Also check with your neighbours in the apartment block- what are their bills like ?


----------



## SparkRite (9 Sep 2011)

hastalavista said:


> elec kettle 2000w for 5 minutes: 66 watts
> versus an old fridge freezer which could be on 24/7  at 250-275w. 6,000 watts



This is meaningless, and doesn't make sense.

A 2KW kettle uses (generally) 2KW's of power continuously from the moment it is switched on until its turned off, nothing more, nothing less. However what you are charged for is amount of energy used per hour ie. KiloWatt hours (KWh). Known as "units"

So a 2Kw kettle on for five minutes will use 0.166666 of a unit.

(IE. 2Kw for one hour equals 2 units........2Kw for 5 minutes, 1/12 of an hour will use >> 2 divided by 12 = 0.166666 of a unit)

As for the reference to the freezer using 6,000 W.......I won't even go there.......
There are too many variables to work it out properly without more info.


----------



## angela59 (9 Sep 2011)

That bill sounds very excessive for an apartment.  I have a detached rural house - rural rates are higher, we have our own well so to run pump is expensive together with external lights etc - but my most recent bill in the summer was E211 for two months - in the winter months E250 for two months - and I am frugal with the use of electricity - I have day and night meter.  Read your meter yourself and question this.  The only other alternative is getting one of those energy consumption readers - I got one from Argos and plug it in to various appliances.

Angela59


----------



## Baracuda (9 Sep 2011)

Our bill is about 140 per month. I had thought that the meter was wrong and had considered getting the ESB to check it. I am after using the ESB appliance and lighting meter calculator and now I see where we're goin wrong...immersion... So the age old debate continues, Is it actually cheaper to leave the thing on constant or turn it on or off as needed?


----------



## hastalavista (9 Sep 2011)

let me try and explain my earlier email

There was an error in my earlier email when I left out a 1


the math should have been ( 2000 by 5 mins )/60 to give a consumption of 166 watts and not 66

Similarly the fridge freezer is using 250 watts an hour  or 6000 watts in 24 hours.

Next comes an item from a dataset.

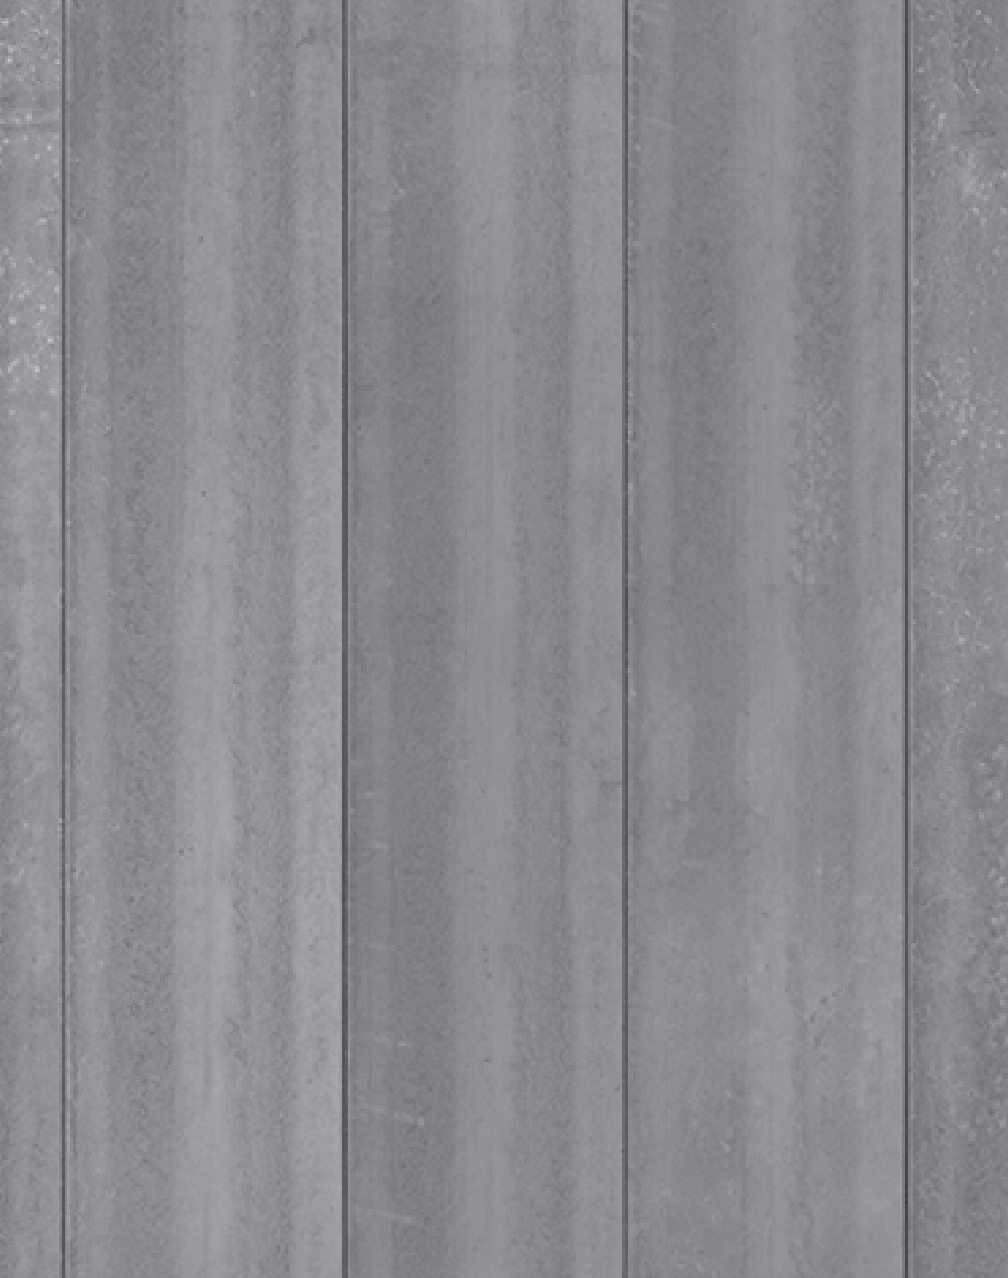 CON-04 Concrete Wallpaper by Piet Boon

The point I was trying to make was that while people rightly focus on the high power consuming items, there are appliances such as old fridge freezer which cost a lot to run..

The bill is made up by the wattage of the unit by the duration it is on for.


A standard electric kettle is normally rated at 2kW or 2000w which means that when switched on it draws 2000w [2000 watts] or 2kW [ two kilowatts]

If it is on for an hour then the power consumed is 2kW for the hour or 2kWh [ two kilowatt hours] [ 2kW X 1 hr ]

Electricity is priced in terms of kWh and  I am currently paying  24 cent per kWh

That means that having the kettle on for an hour will cost 48 cent  [2kWh by 20c ]

However typically the kettle will only be on say for 5 minutes at a time so it will cost 4 cent [48 *5/12 ] a shot or 2.44 euro every 2 months if used once a day.

In addition I have an old fridge freezer which draws 250w and is on pretty much all the time as the door seals are perished.

This means that it uses 250w an hour or 0.25 kWh  so in 4 hours it uses 1kW. [4 by 0.25 ]

This means in 24 hours it uses 6 kWh [ 0.25 by 24 ] costing 144 cent a day  or 87 euro every 2 months..


----------



## SparkRite (10 Sep 2011)

See below


----------



## SparkRite (10 Sep 2011)

hastalavista said:


> the math should have been ( 2000 by 5 mins )/60 to give a consumption of 166 watts and not 66
> 
> Similarly the fridge freezer is using 250 watts an hour  or 6000 watts in 24 hours.
> 
> .



Dear God!!

What a load of rubbish!!!

Hastalavista did you never hear of the old adage " A little knowledge is a dangerous thing"?


----------